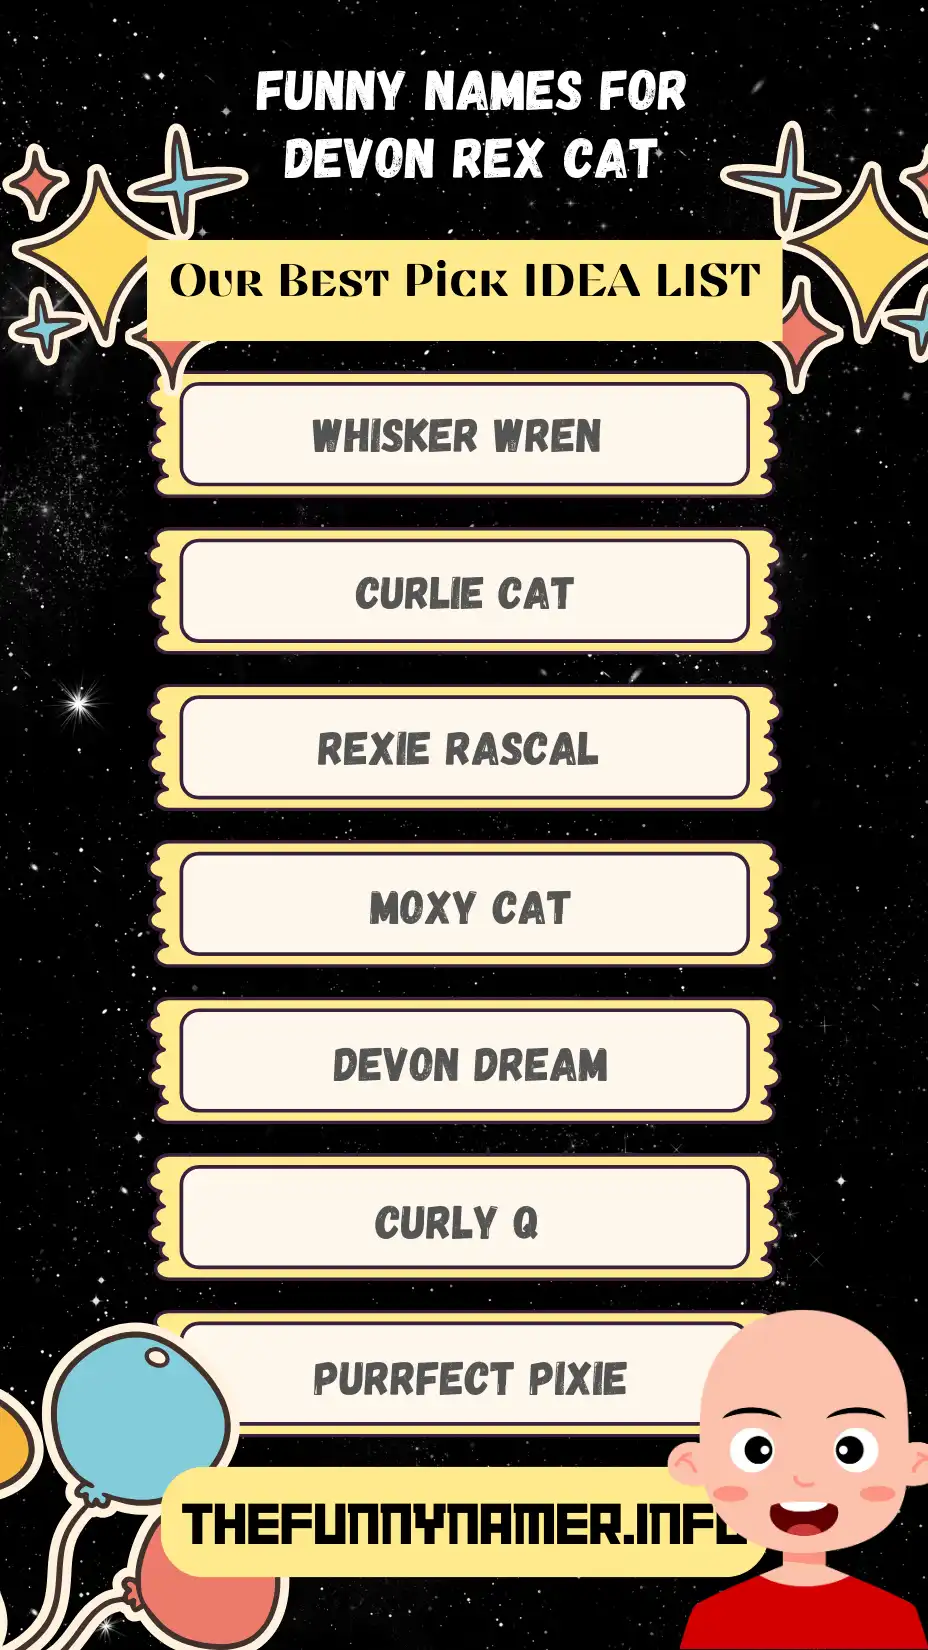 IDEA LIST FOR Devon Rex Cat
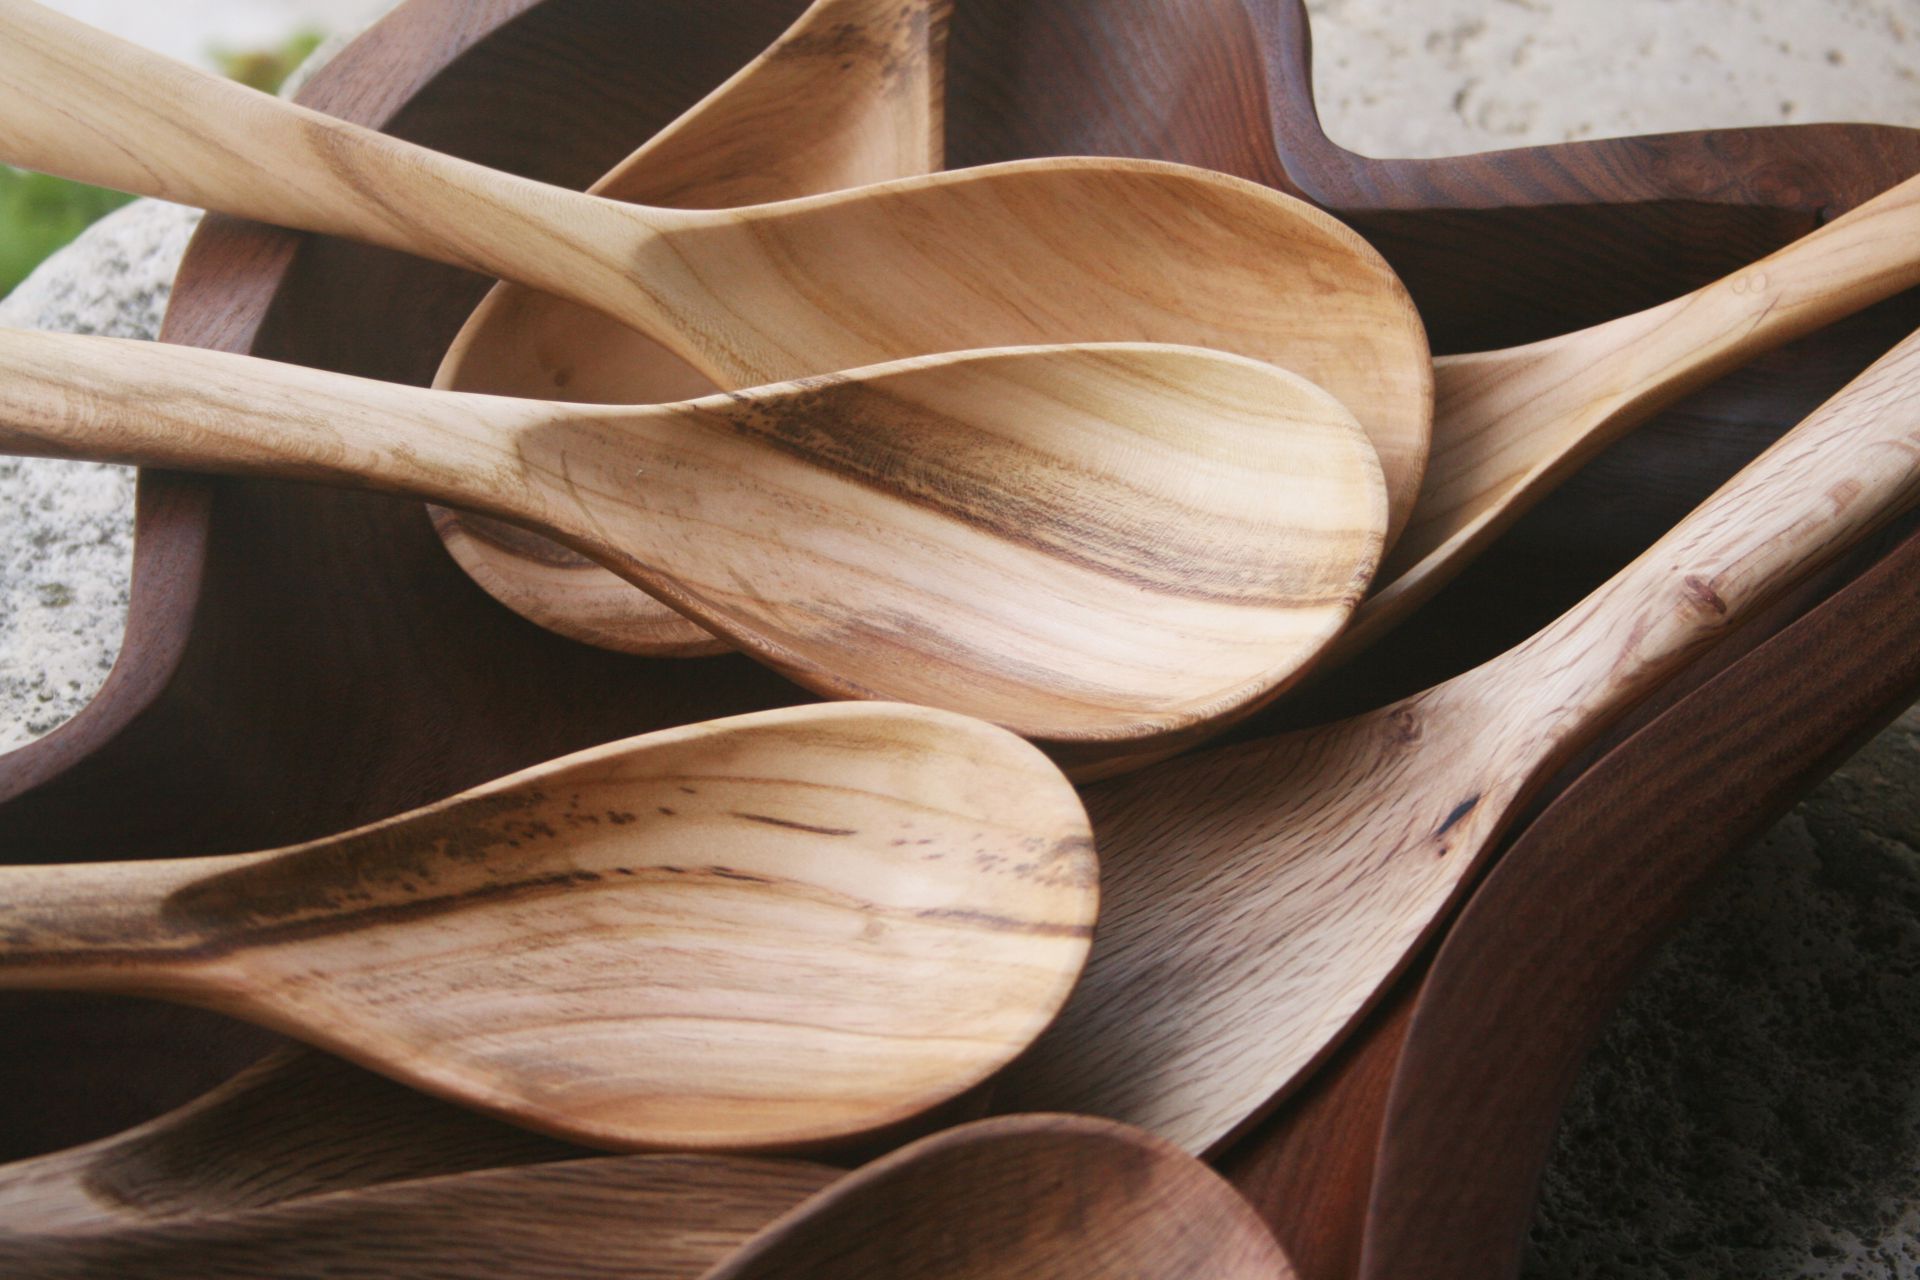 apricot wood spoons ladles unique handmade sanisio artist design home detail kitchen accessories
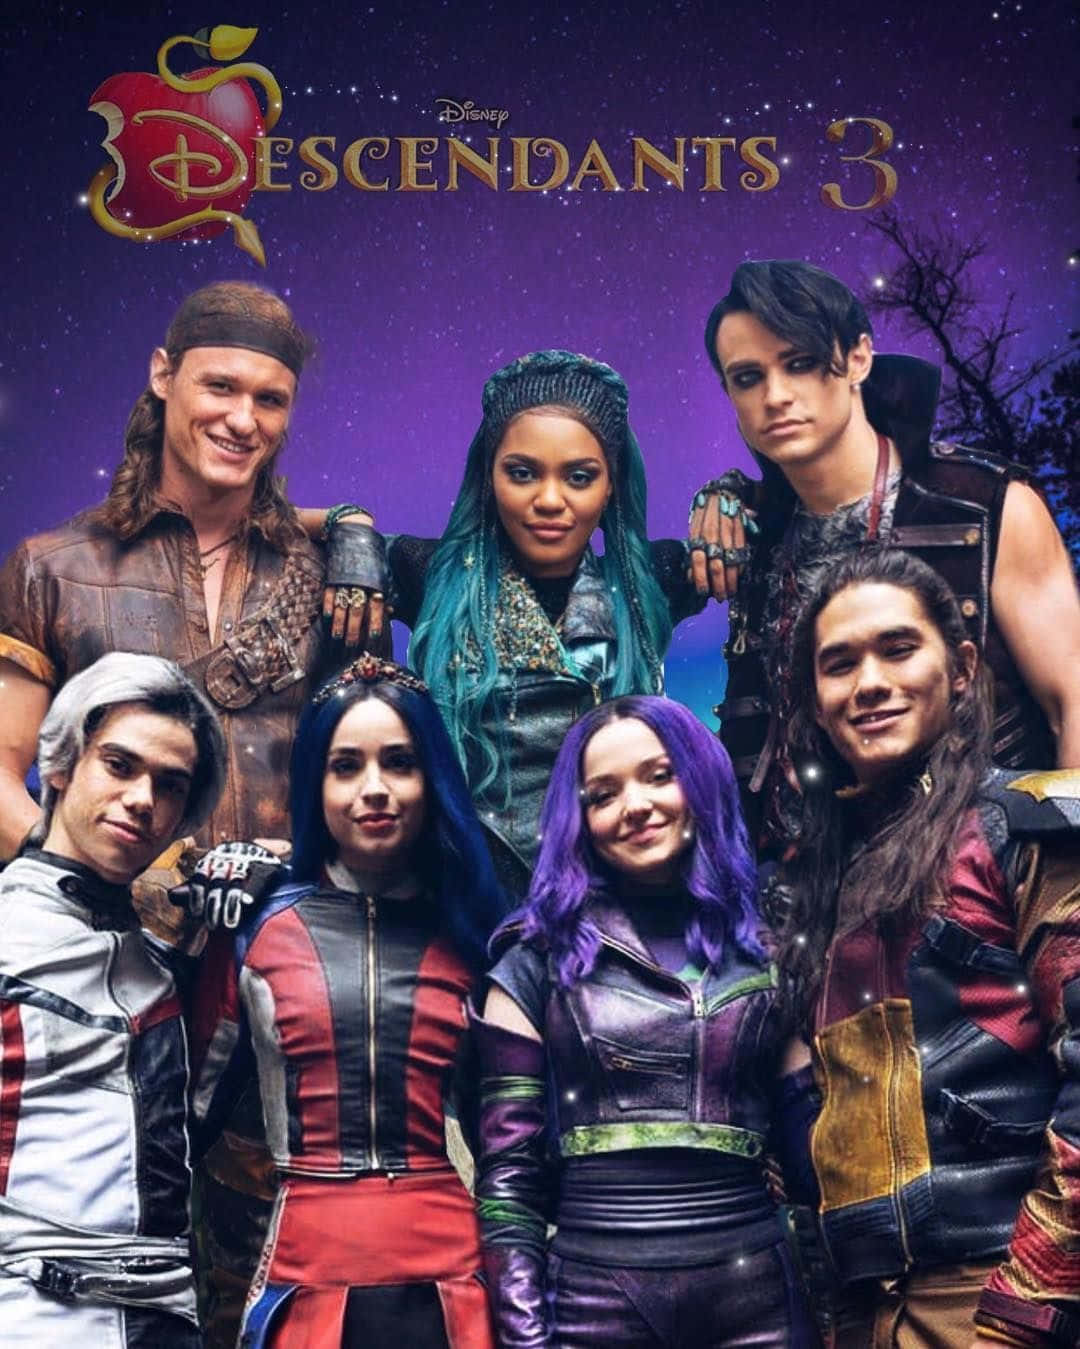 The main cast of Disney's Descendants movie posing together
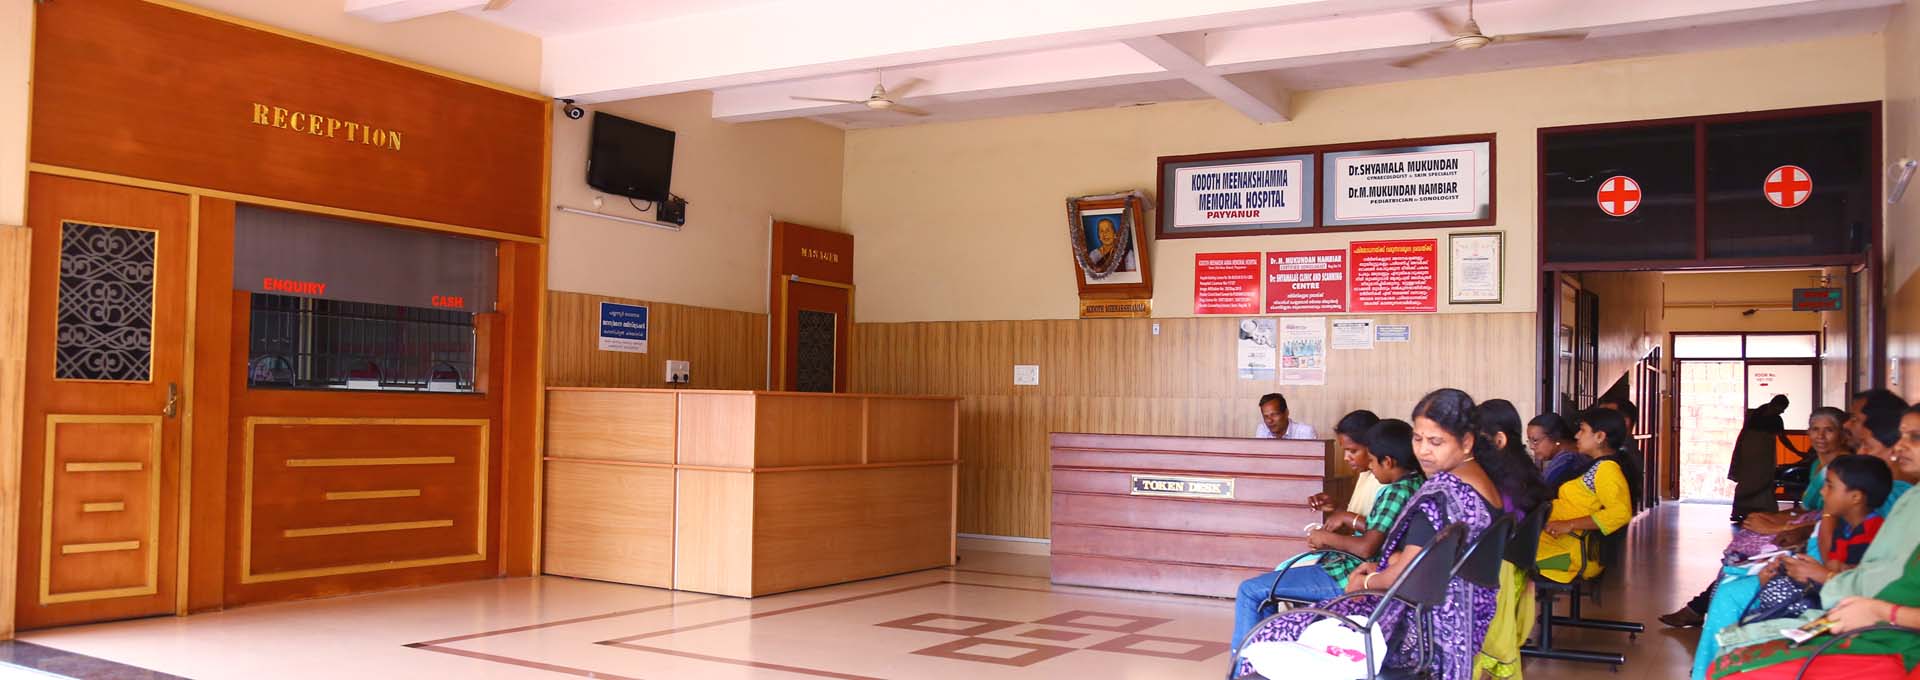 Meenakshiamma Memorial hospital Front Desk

PROBLEM STATEMENT: Return the material exactly as it reads, though without the pictures it holds.

SOLVED PROBLEM:
 IDEA LIST FOR Devon Rex Cat
 apricot wood spoons ladles unique handmade sanisio artist design home detail kitchen accessories
 The main cast of Disney's Descendants movie posing together
 Meenakshiamma Memorial hospital Front Desk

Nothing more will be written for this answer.